Thompson on Hollywood
Thompson on Hollywood

Quentin Tarantino has handed in the final draft of his spaghetti western script Django Unchained to Weinstein Co., his agency WME confirms. According to Tarantino Archives, the title Django Unchained pays homage to both the Sergio Corbucci original Django, not to mention Takashi Miike’s Sukiyaki Western Django, which features Tarantino (see clips for both below). UPDATE: Another long-rumored inspiration, once optioned by Miramax, was Elmore Leonard’s 40 Lashes Less One.
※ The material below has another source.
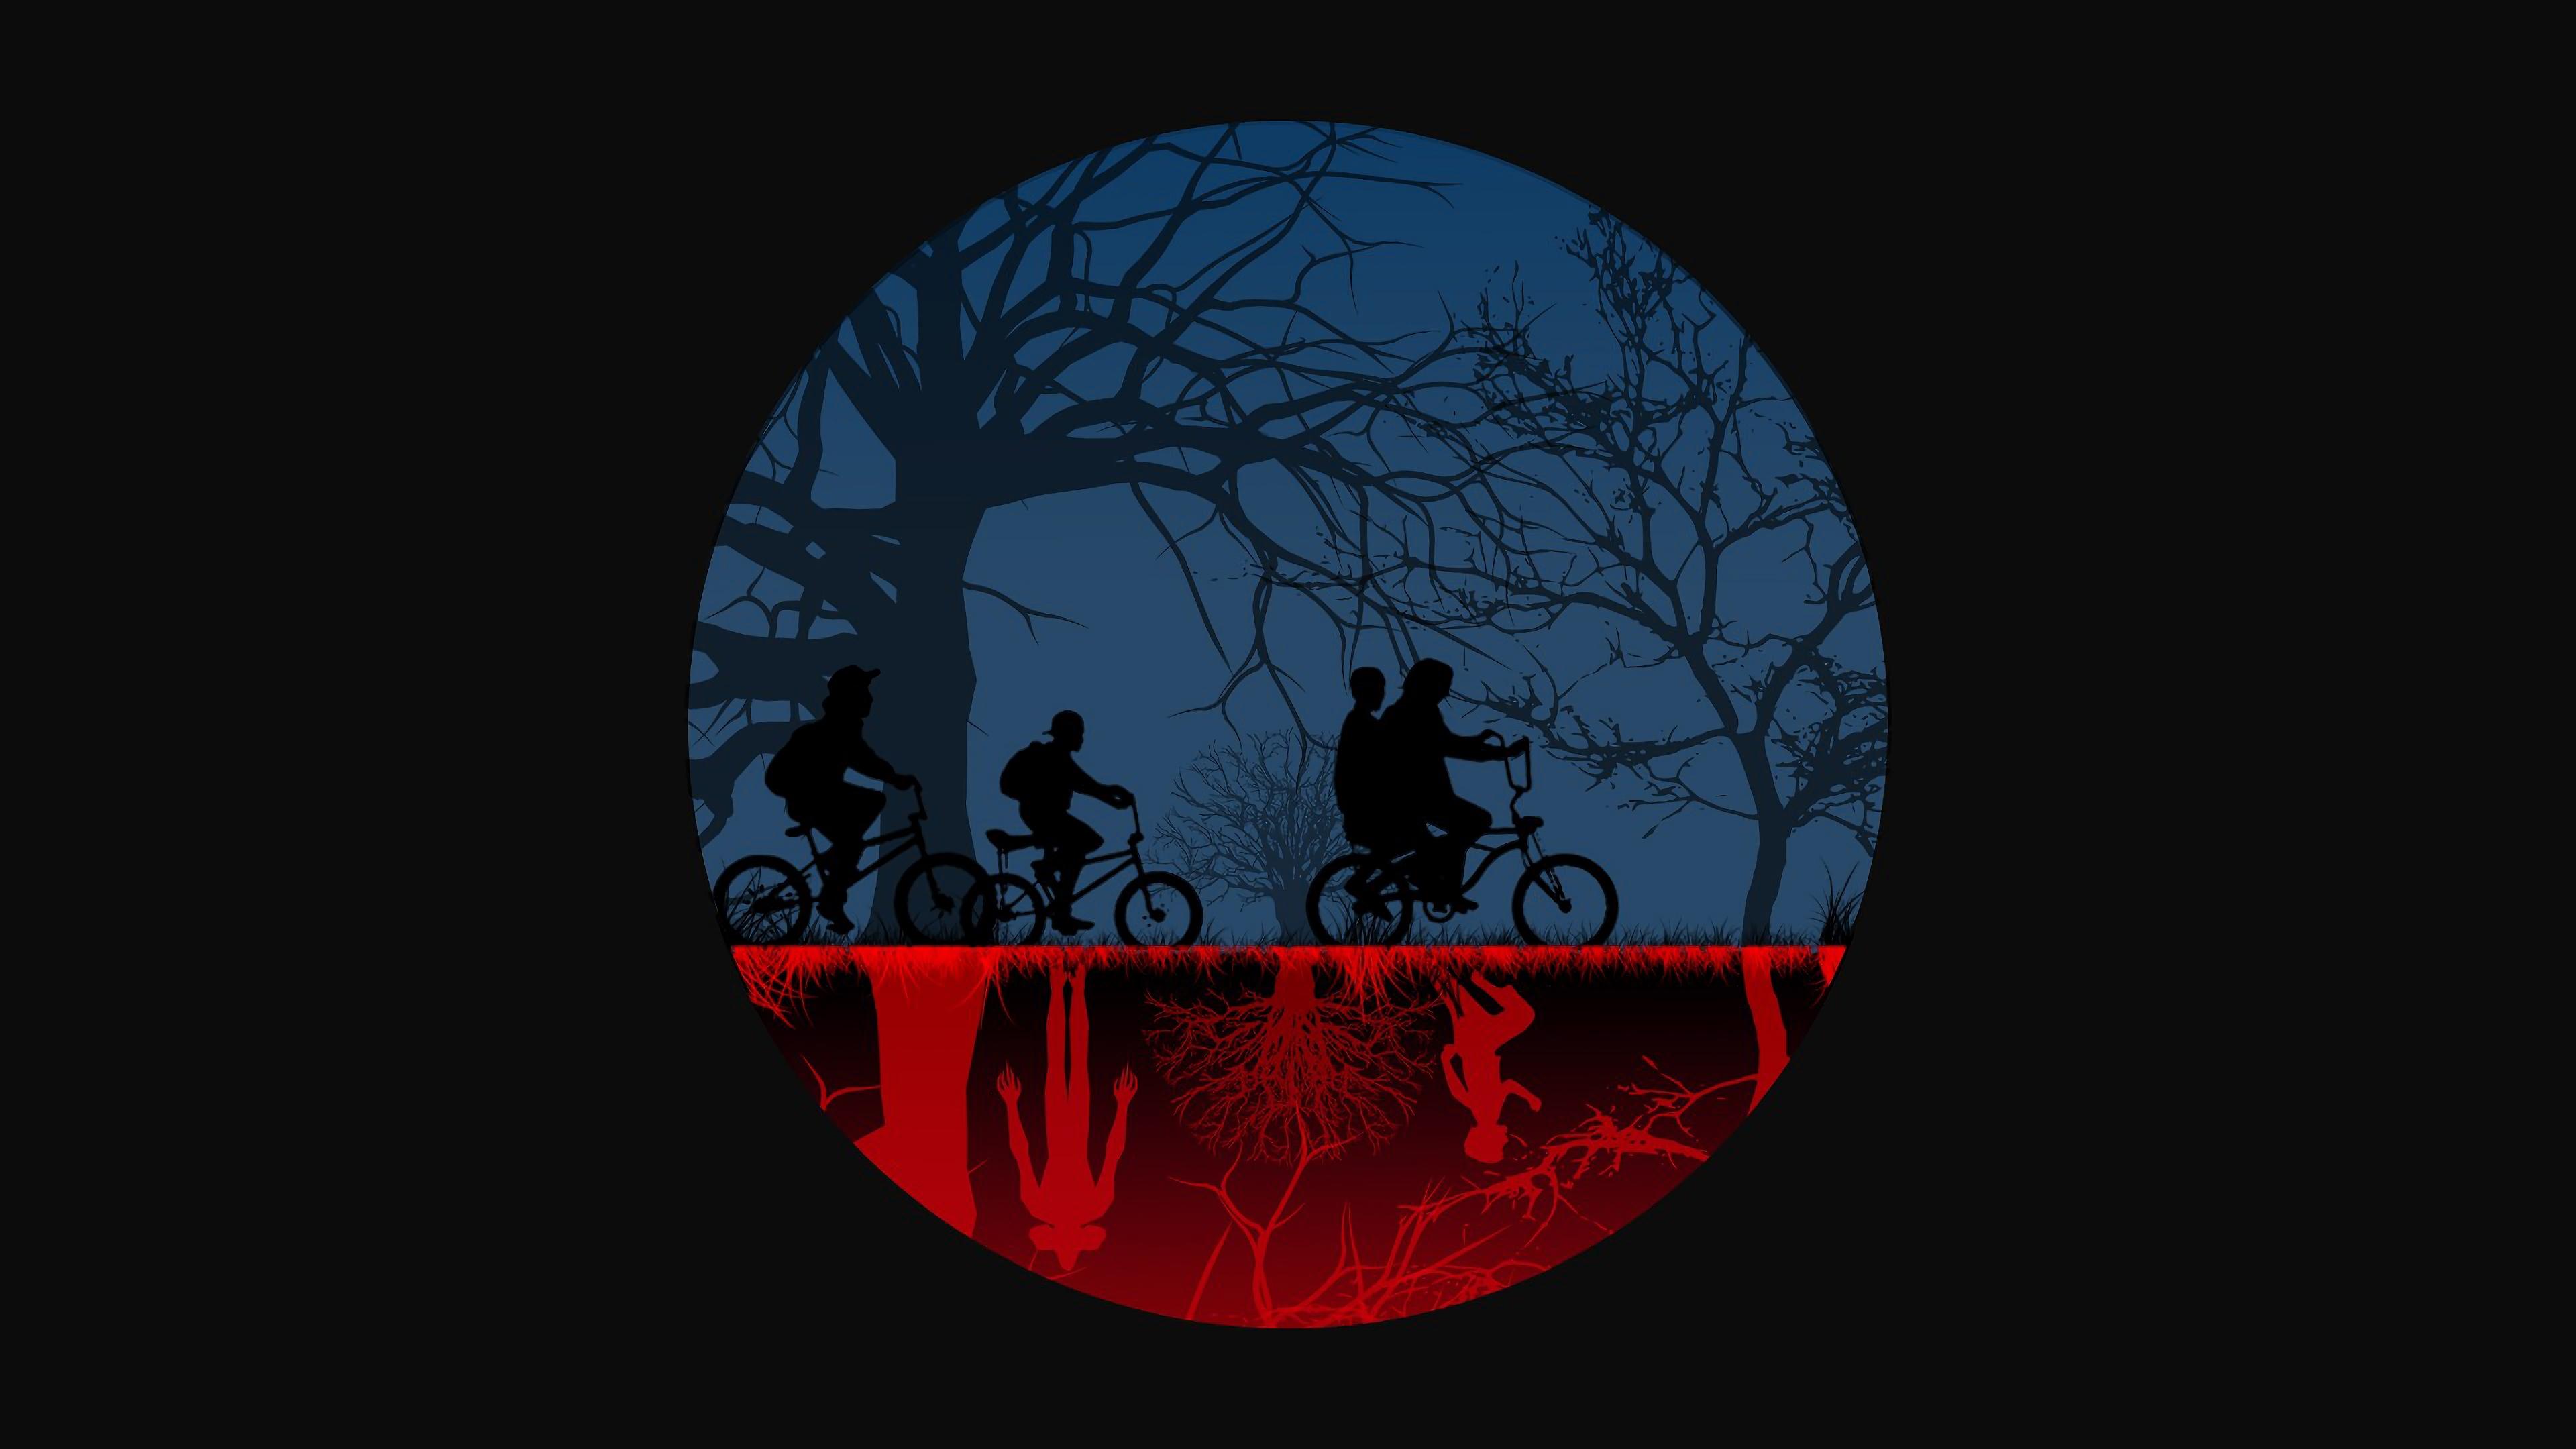 Stranger Things 4 Wallpapers  Top Free Stranger Things 4 Backgrounds   WallpaperAccess

The only cast member that WME can confirm is Christoph Waltz, who plays a German bounty hunter who joins up with former slave Django to save his wife from an evil owner. No start date or locations have been finalized. Original Django star Franco Nero has said that he is attached, along with Waltz, Keith Carradine and Treat Williams.

Thompson on Hollywood

Sergio at Shadow and Act (the latest welcome entrant to the indieWIRE blog network) picked up a plot description from a commenter at Hollywood Elsewhere:

Django is a freed slave, who, under the tutelage of a German bounty hunter (Christopher Waltz) becomes a bad-ass bounty hunter himself, and after assisting Waltz in taking down some bad guys for profit, is helped by Waltz in tracking down his slave wife and liberating her from an evil plantation owner. And that doesn’t even half begin to cover it! This film deals with racism as I’ve rarely seen it handled in a Hollywood film. While it’s 100 percent pure popcorn and revenge flick, it is pure genius in the way it takes on the evil slave owning south. Think of what he did with the Nazis in Inglorious and you’ll get a sense of what he’s doing with slave owners and slave overseers in this one.
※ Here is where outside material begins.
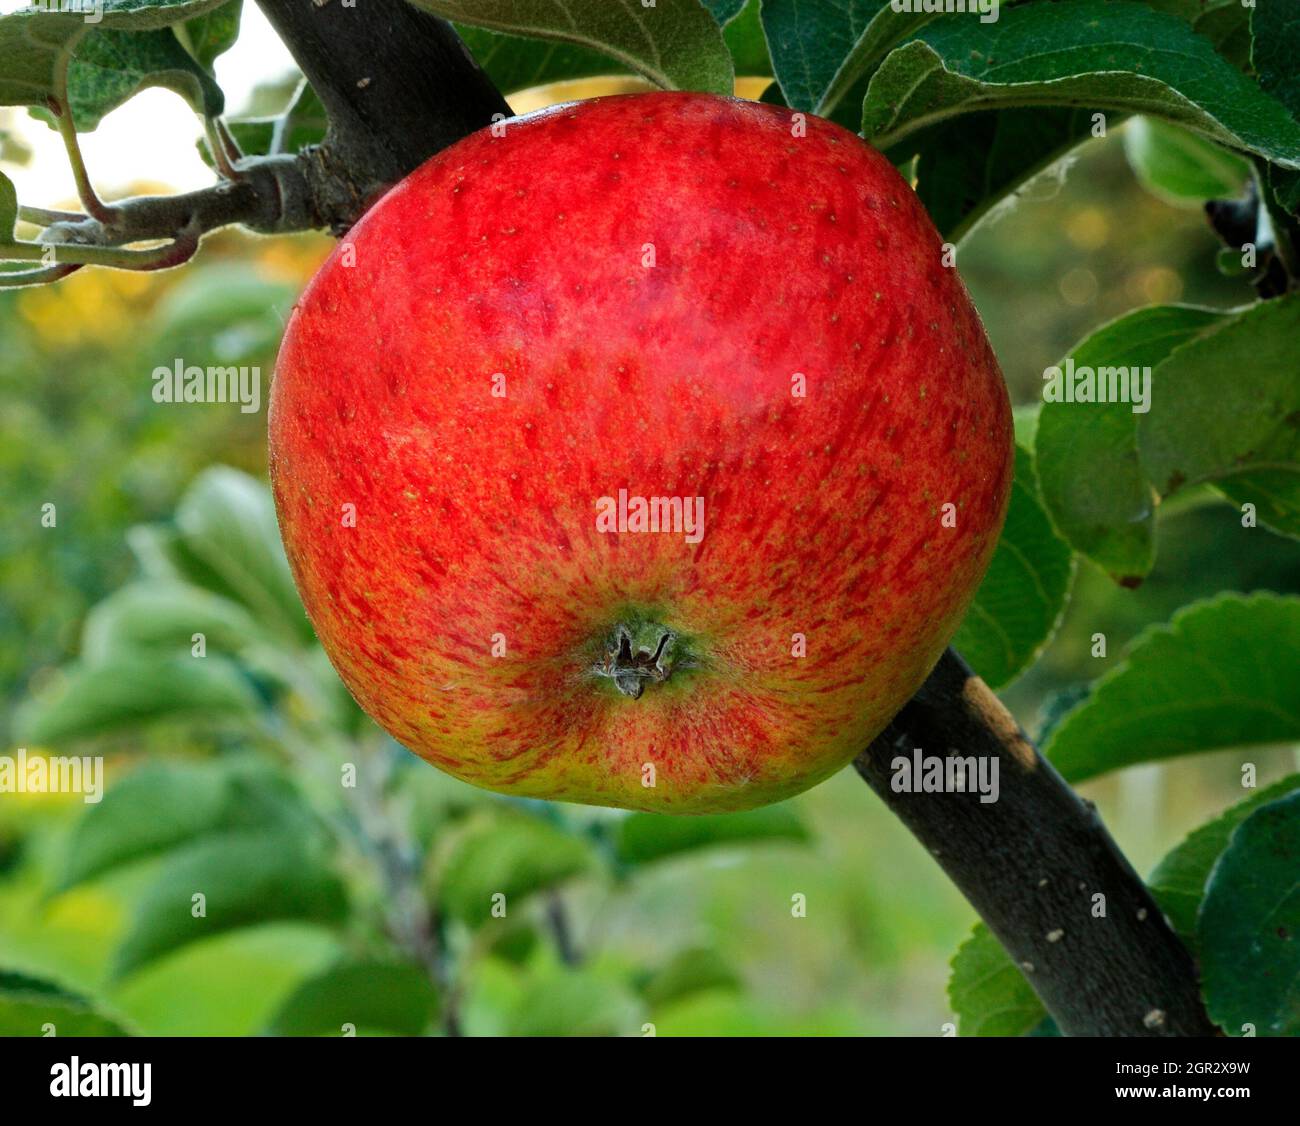 Apple 'Jolly Miller',  apples, fruit, malus domestica, healthy eating, growing on tree Stock Photo

UPDATE: Now that I’ve read the script, the above description is more or less correct. The Playlist fills in more details of what Tarantino said he wanted to do back in 2010:

“I’d like to do a Western. But rather than set it in Texas, have it in slavery times. With that subject that everybody is afraid to deal with. Let’s shine that light on ourselves. You could do a ponderous history lesson of slaves escaping on the Underground Railroad. Or, you could make a movie that would be exciting. Do it as an adventure. A spaghetti Western that takes place during that time. And I would call it ‘A Southern.’.. I want to do movies that deal with America’s horrible past with slavery and stuff but do them like spaghetti westerns, not like big issue movies. I want to do them like they’re genre films, but they deal with everything that America has never dealt with because it’s ashamed of it, and other countries don’t really deal with because they don’t feel they have the right to.”
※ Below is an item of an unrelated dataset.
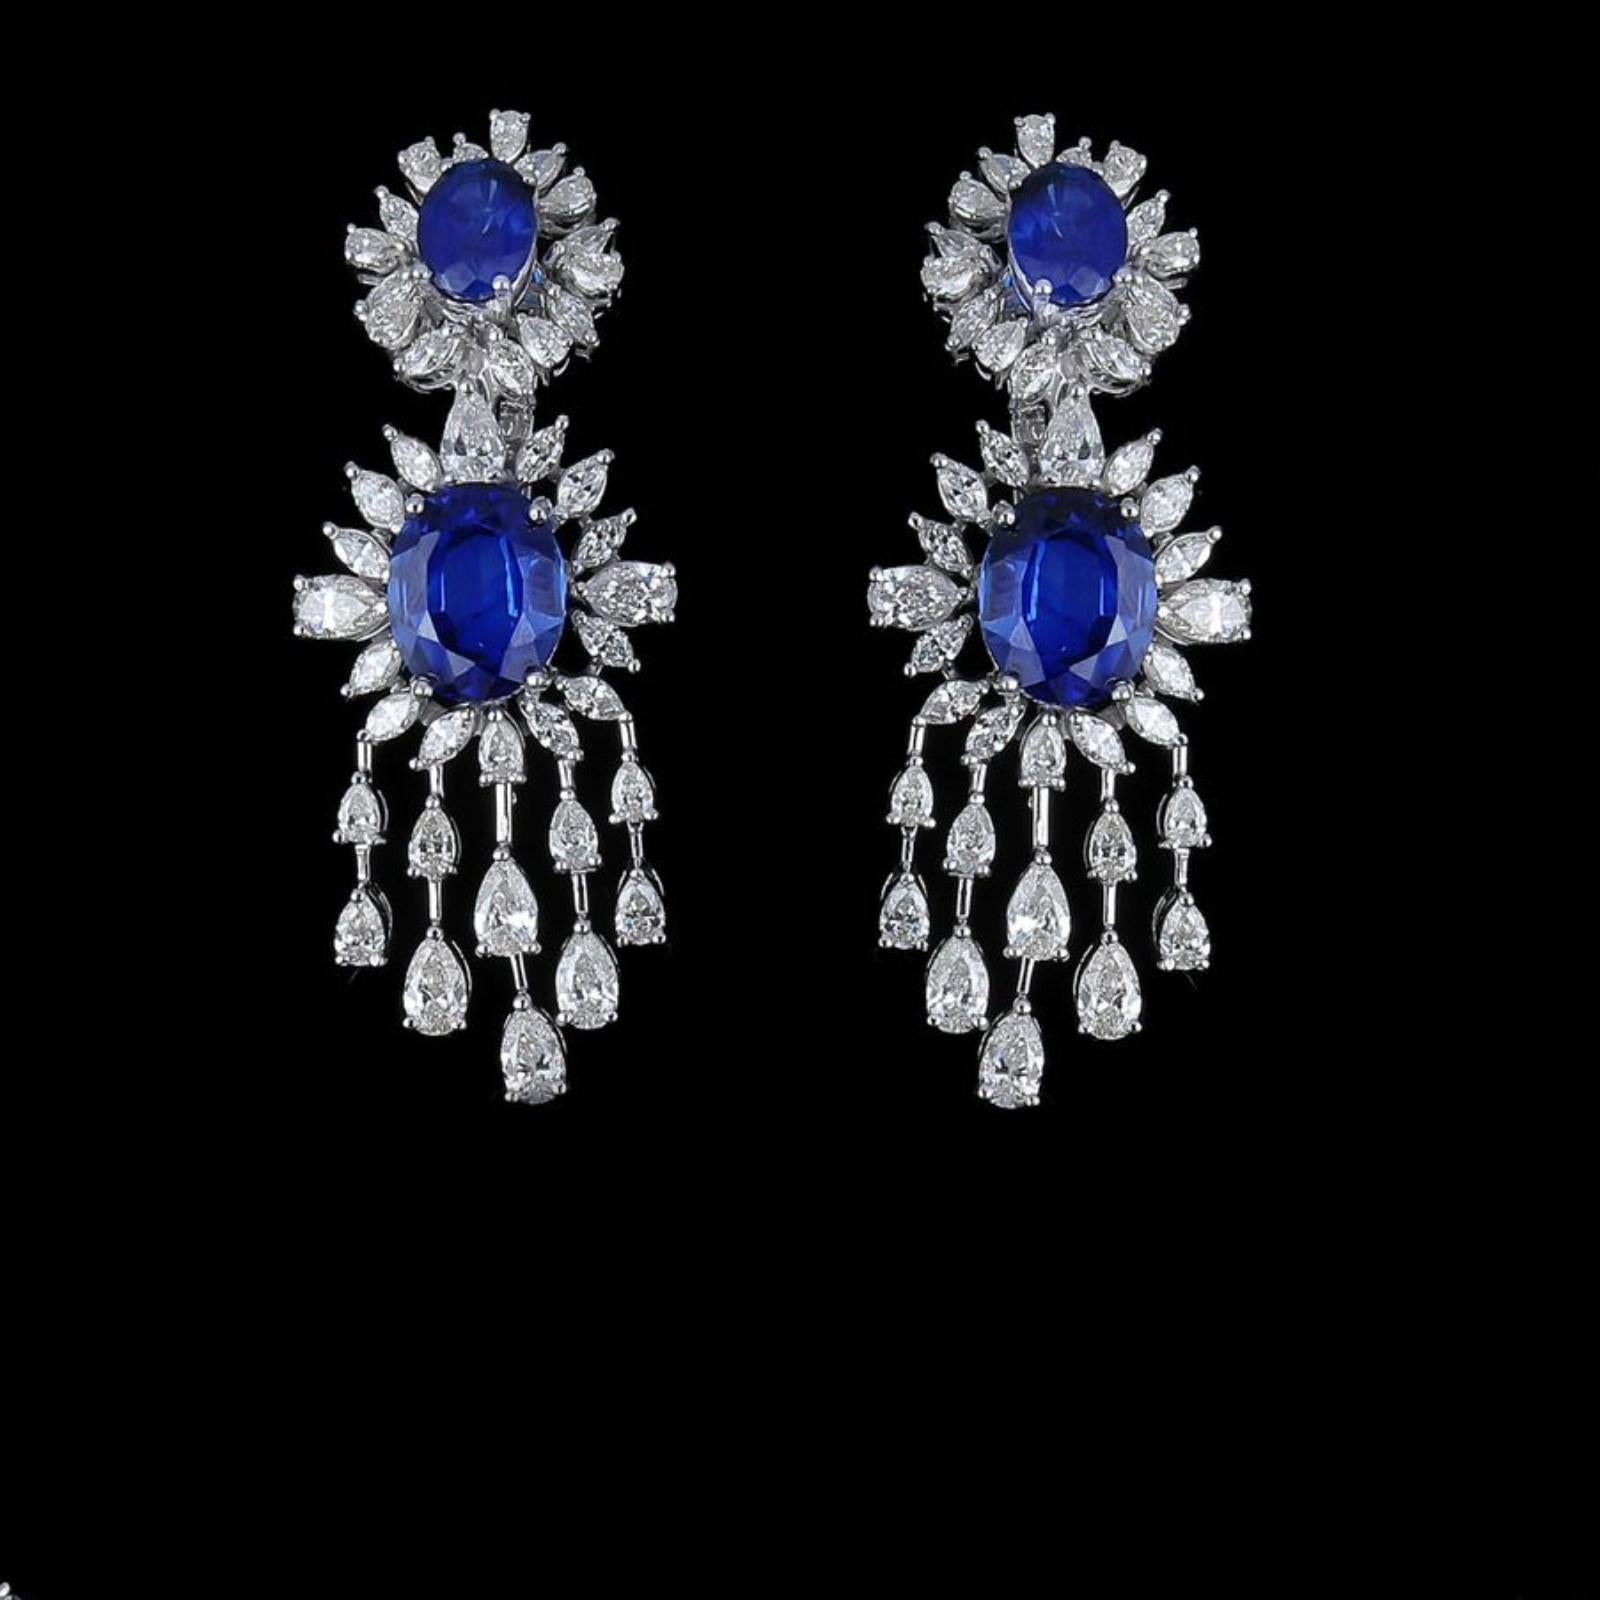 The Following Items we are offering is a Rare Important Spectacular and Brilliant White Gold Large Gorgeous Fancy Blue Sapphire Diamond Draped Dangle Earrings. Earrings consists of Rare Fine Magnificent Glittering Blue Sapphires and Gorgeous

It sounds like Tarantino is ready to tackle some of the taboo material in Lars von Trier’s controversial Manderlay or Richard Fleischer’s notoriously sensationalistic Mandingo. My next question: can Tarantino convince Ennio Morricone (pictured) to compose an original score for the movie? UPDATE: Harry Knowles got his hands on a script and tweeted:

“Django Unchained is an operatic southern… this is my favorite QT script. & I’ve read them all. This I absolutely love at every level.”